In primary school, we are handed a pencil and taught how to write. Included in that process is learning to correct our mistakes. That’s when we learn about the other end of the pencil: the eraser.
If you were anything like my now 5-year-old son, you find unnecessary reasons to erase. After a homework session, my dining room table is covered in eraser shavings and incomplete homework. Yes, I shake my head. But he is learning and so am I.
And as authorpreneurs we are learning, too. But, I want you to unlearn a pesky, little habit. Unlearn erasing also known as deleting also known as paper crumpling and wastebasket dumping. Yup, I said it. Stop it. Stop deleting.
I can feel that crinkle in some of your foreheads getting tighter and twitchier. Relax. There is magic in your supposed mistakes.
Mistakes, errors, flaws … Oh yay!
The day I stopped deleting is the day my authorpreneur wings soared. First, let’s clarify. I am not talking about the minor deleting, such as correcting a misspelled word or rewriting a sentence already in process. Nope. That is for another blog. My aim is for you to stop deleting entire chunks of your writing because you feel it is:
“Garbage!” “Rubbish!” “Crap!” “Stupid!” “Dumb!” “Pointless!” “Horrible!” “Unworthy!”
That’s the kind of deleting I am talking about. To delete this habit of deleting (ha-ha), we must change our thinking.
Hold on to your crap
You, authorpreneur, are quite amazing. Seriously, the creativity that flows from your soul is ingenious. You are marked with uniqueness, resourcefulness, and cleverness. Therefore, your words are also.
What you think is “crap” will still make great fertilizer.

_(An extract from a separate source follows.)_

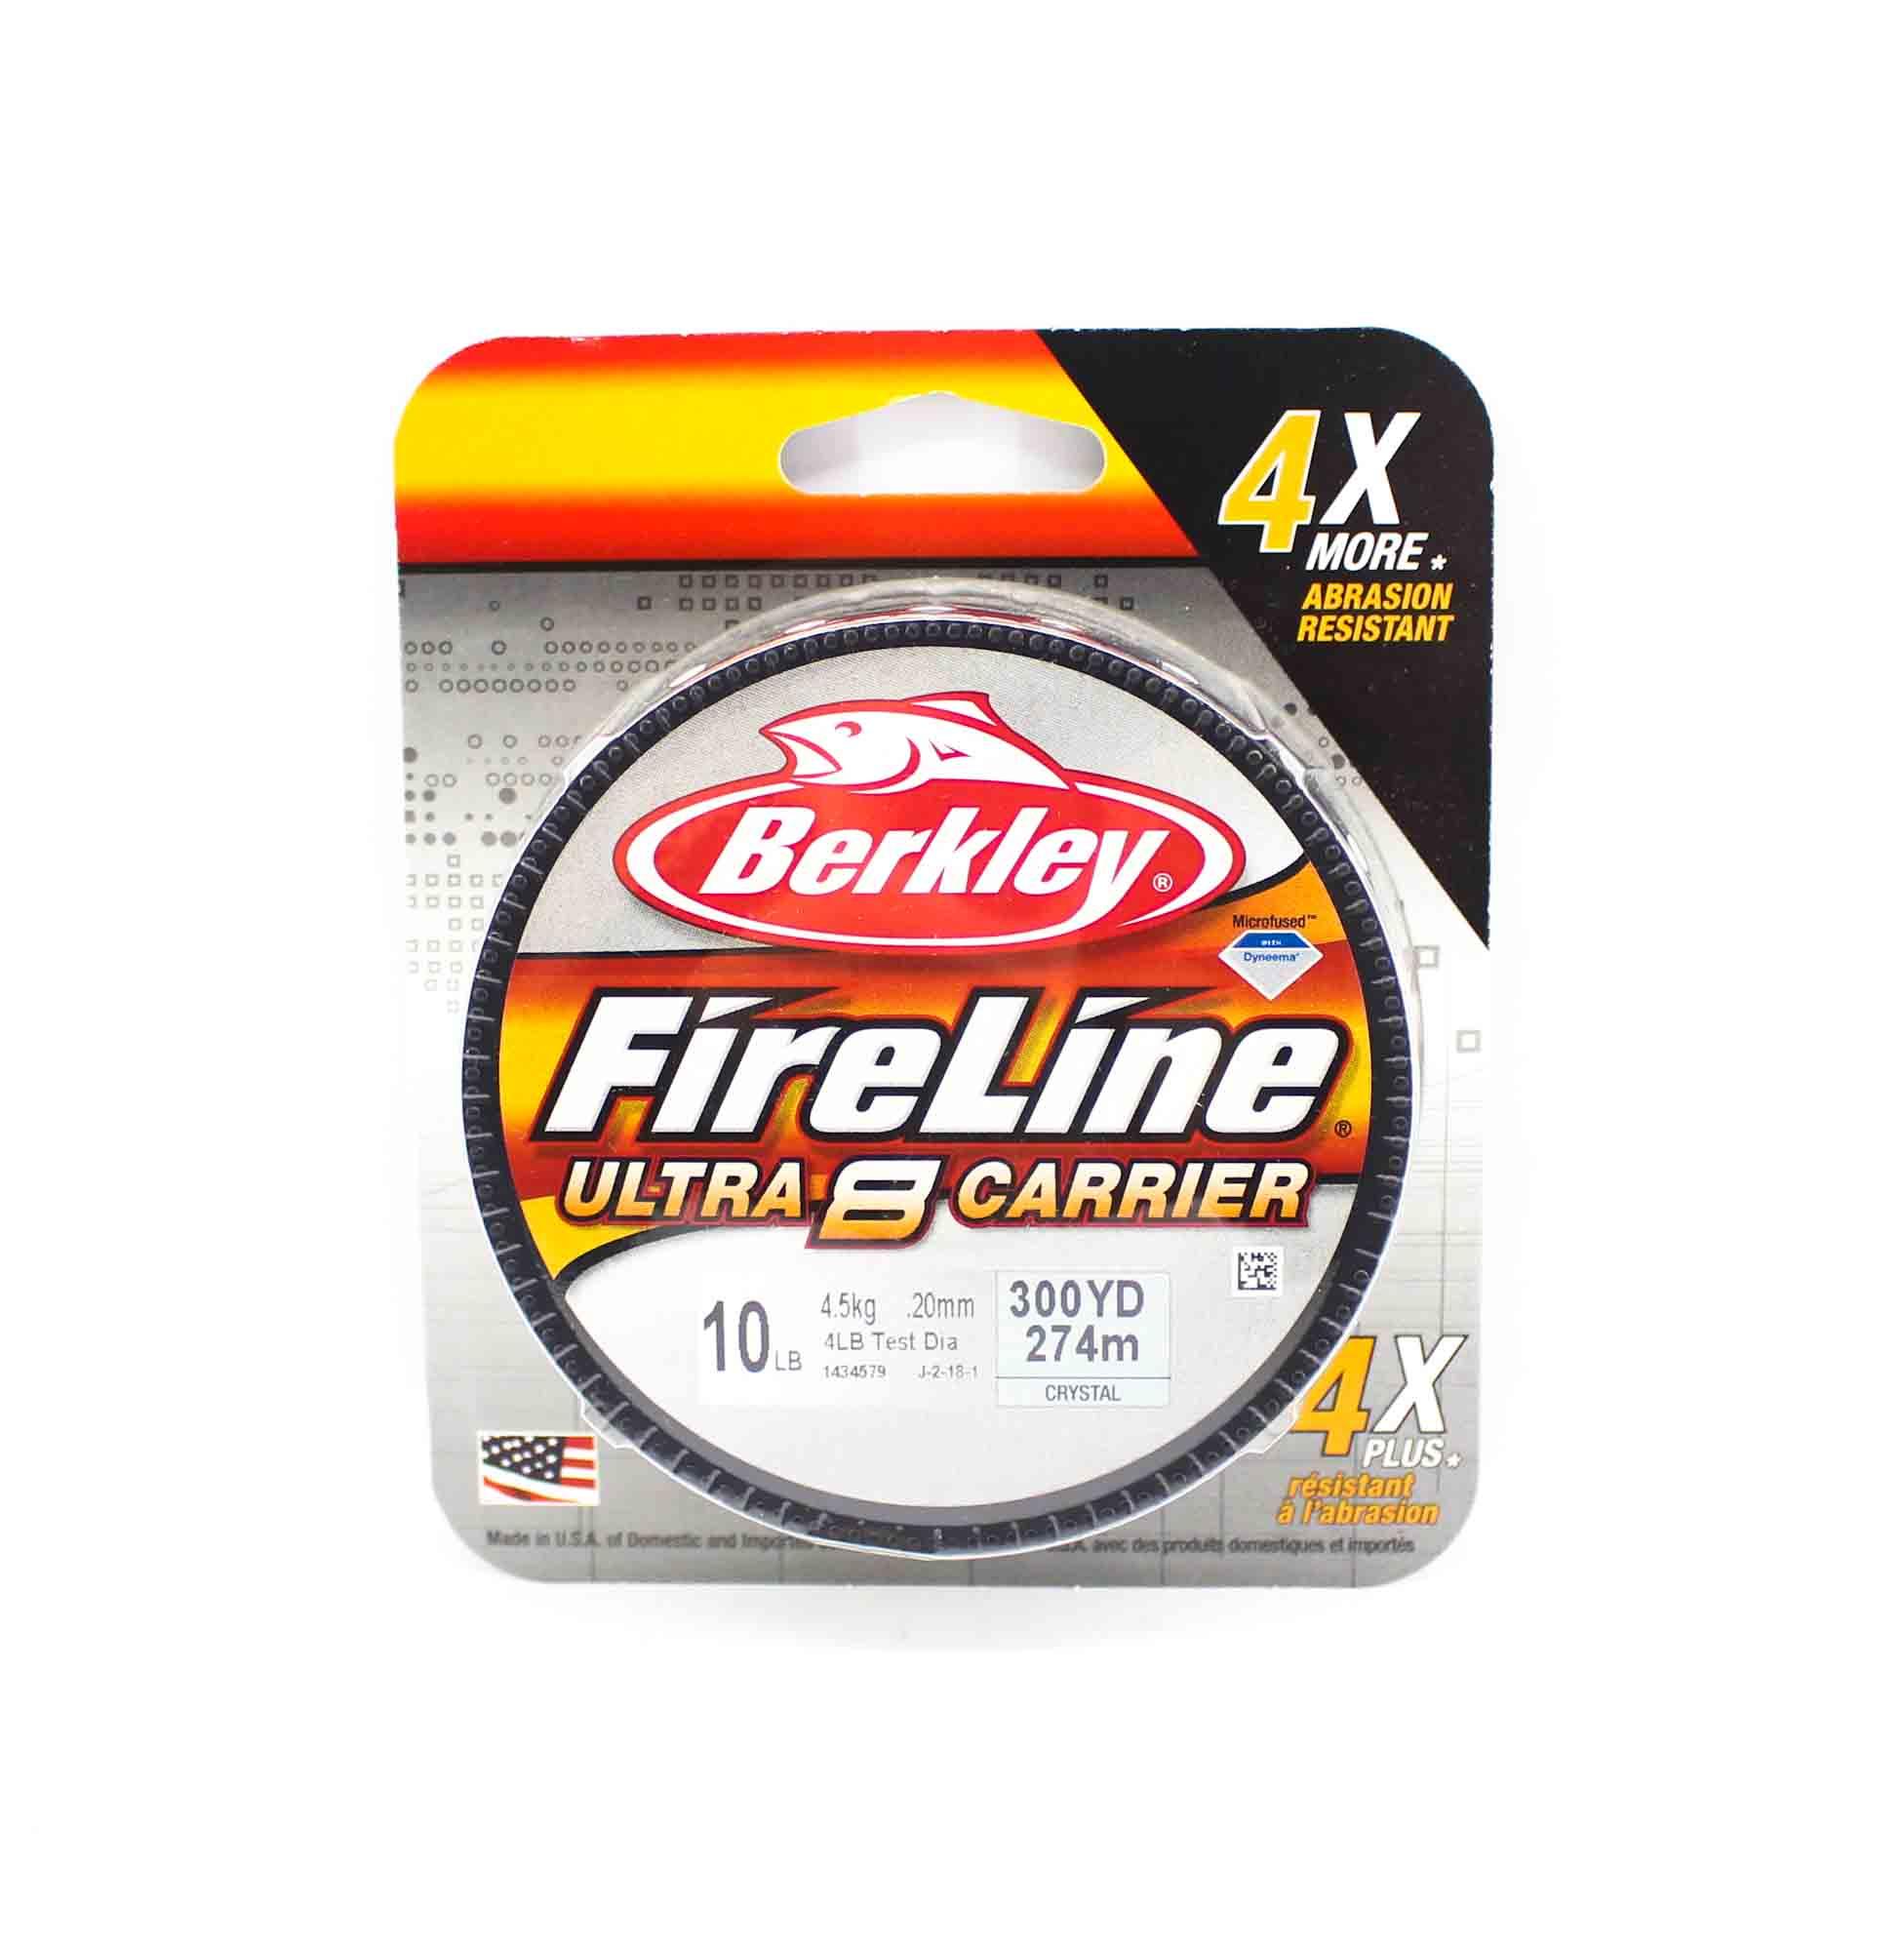 Berkley Fireline Ultra 8 Carrier 300yds 10lb White (4557)

The crap you want to delete could be the foundation for a separate chapter, a blog post, a newsletter topic, a live webinar discussion, or the next book. But only if you fight that pesky urge to hit the delete key.
Instead, select your “crap”, and copy and paste it into a separate document file. You can even name the file Crappy Ideas for Later. From time to time, check on that file. Scan through your crap and see if you have fertilizer for your next book.